Nested PCR amplification produced several non-specific DNA bands in the second reaction (Fig. 1c, 2c and 2d). The non-specific DNA bands produced due to carryover contamination from the first reaction to the second. This result is in agreement with Apfalter et al. (2002) who reported that production of non-specific bands in the second PCR reaction of nested PCR was due to contamination from the first reaction. However, nested PCR is still a valuable technique for detection of microbes such as viruses (Poggio et al., 2000; Abdalla et al., 2006; Gonzalez-Losa et al., 2006; Lam et al., 2007; Chauhan et al., 2009), bacteria (Sorouri et al., 2009; Giloteaux et al., 2010; Sichani et al., 2011; Rahimi and Doosti, 2012), fungi (Zhao et al., 2001; Tsay et al., 2006) and protozoa (Altay et al., 2005; Fallah et al., 2008; Sabry et al., 2009; Hassanain et al., 2011).

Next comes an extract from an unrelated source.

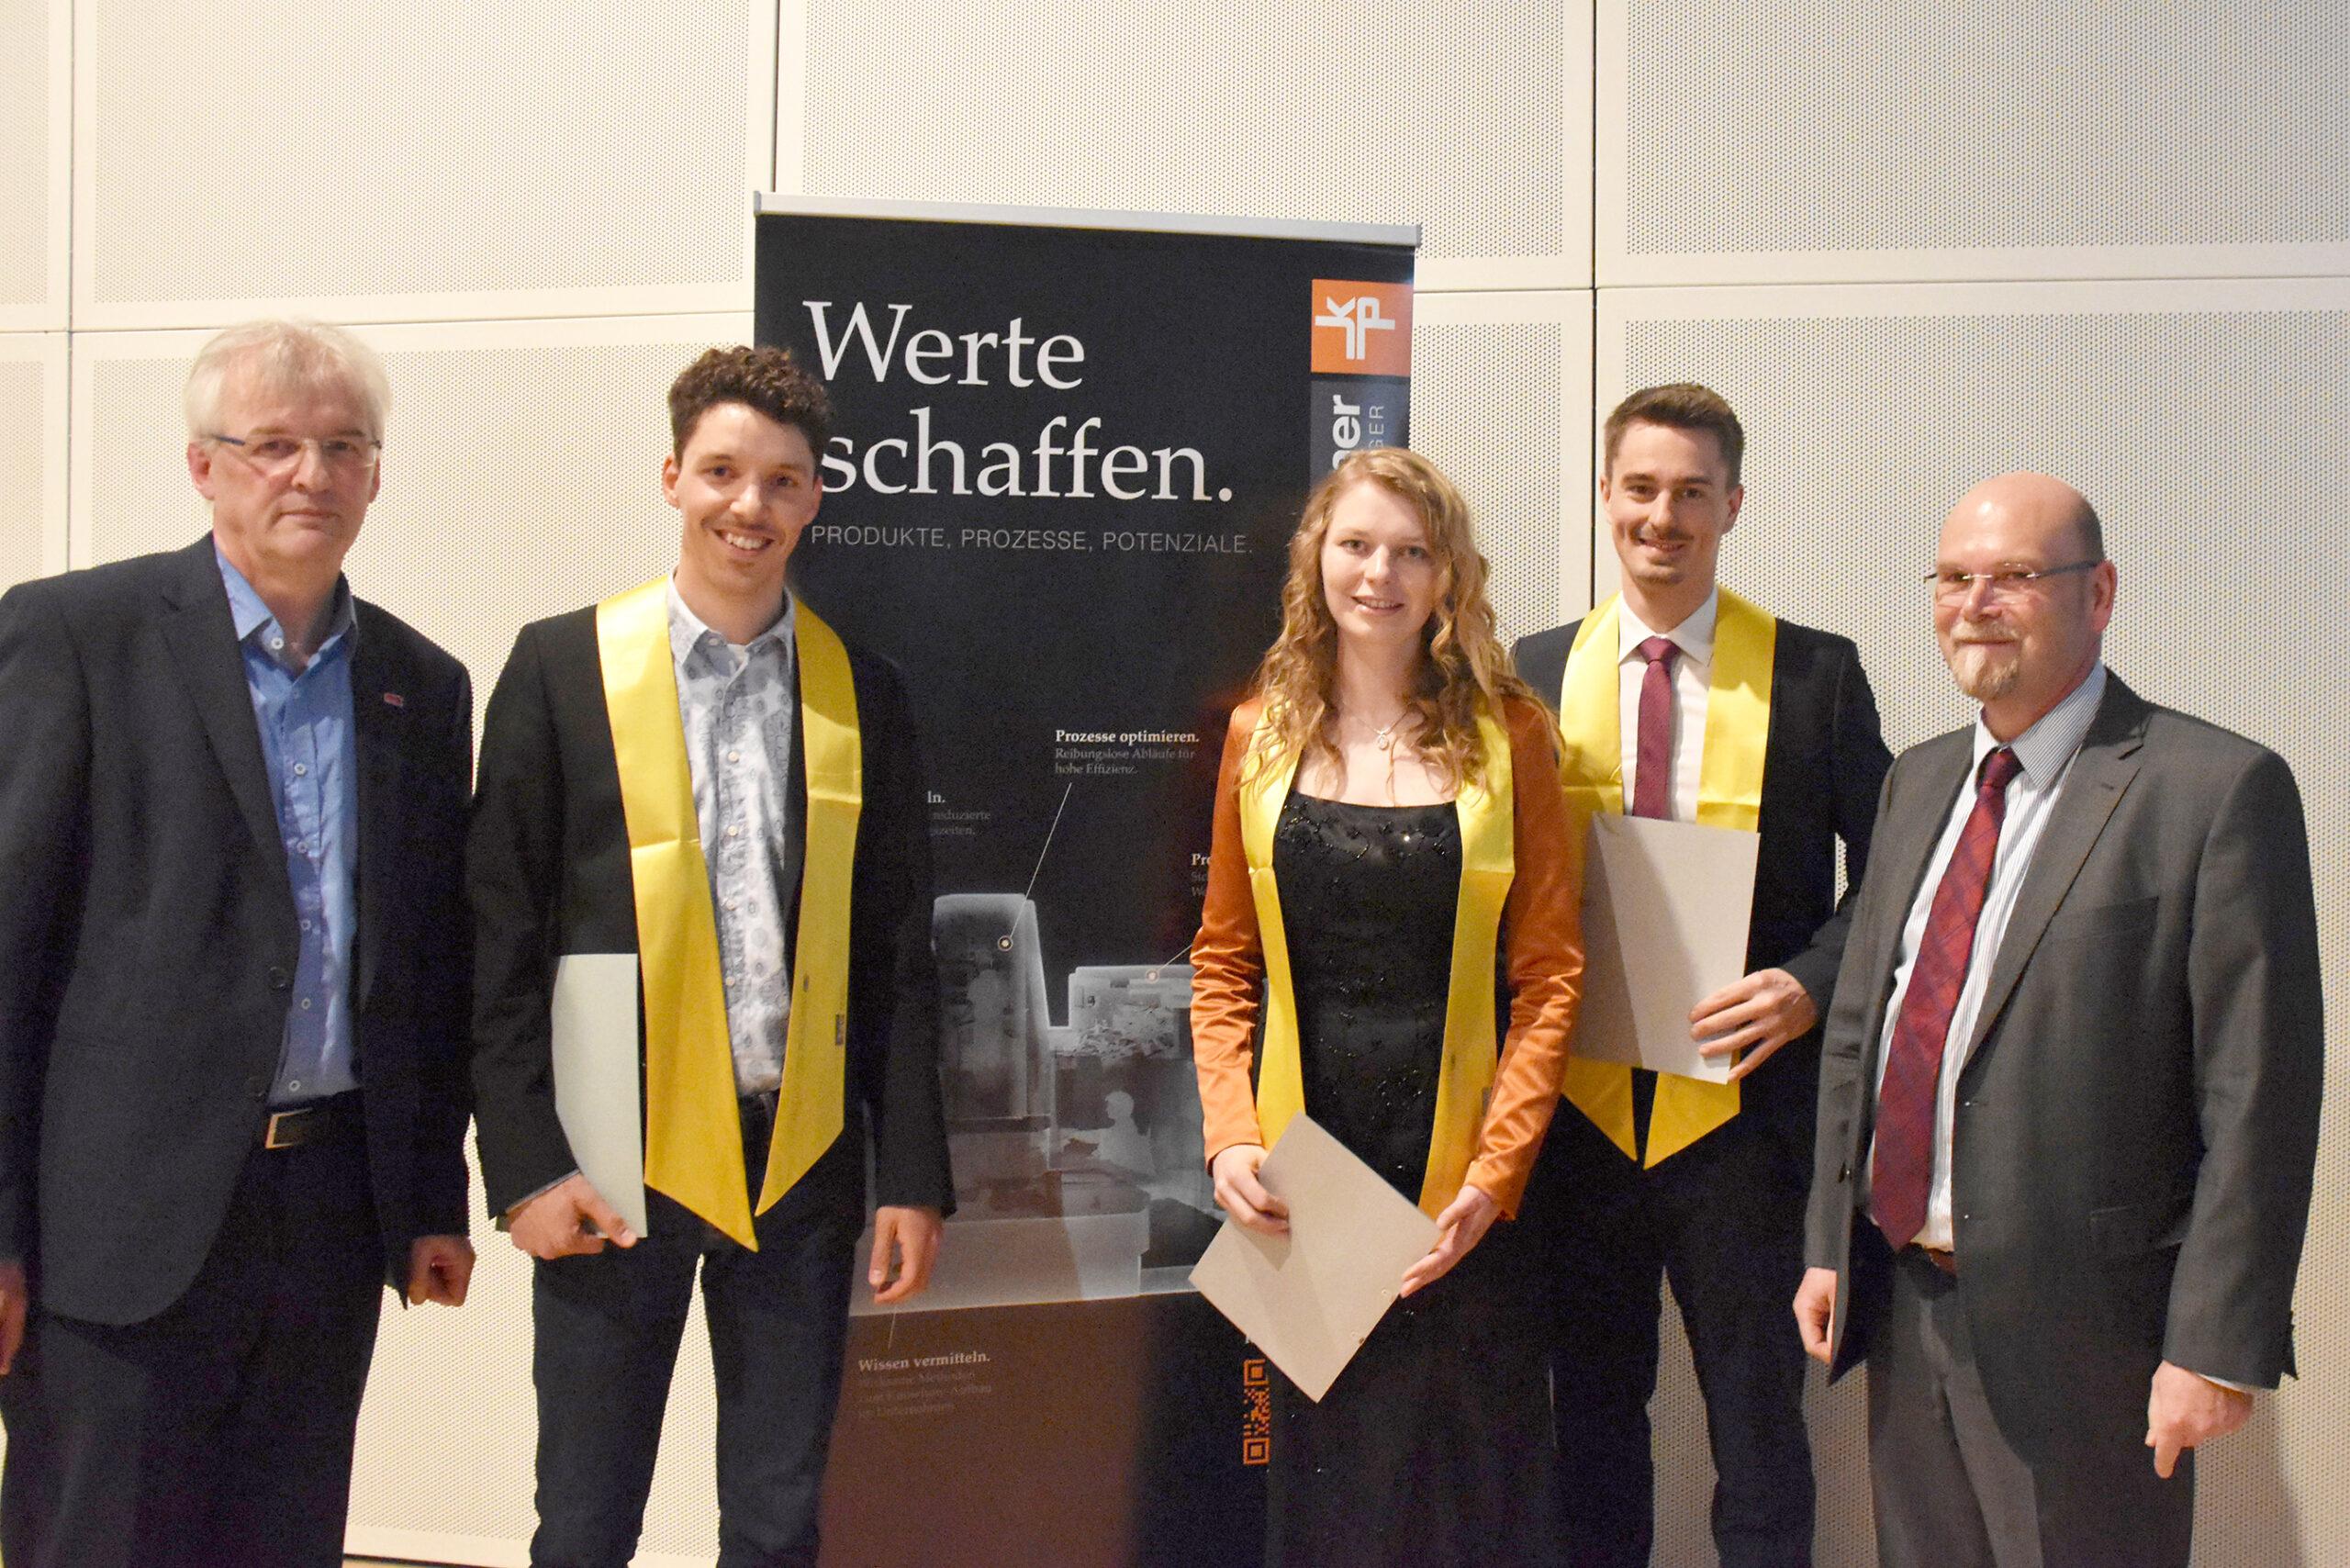 Preisträger-Krehl-und-Partner-Studienpreis

In conclusion, nested PCR provides a rapid method for detection of fastidious or low levels of bacterial pathogens in clinical body fluid specimens, especially CSF, because of its enhanced sensitivity over conventional methods.
ACKNOWLEDGMENT
The authors are gratefully acknowledging the Scientific Research Support Fund/Ministry of Higher Education of Jordan for supporting this study.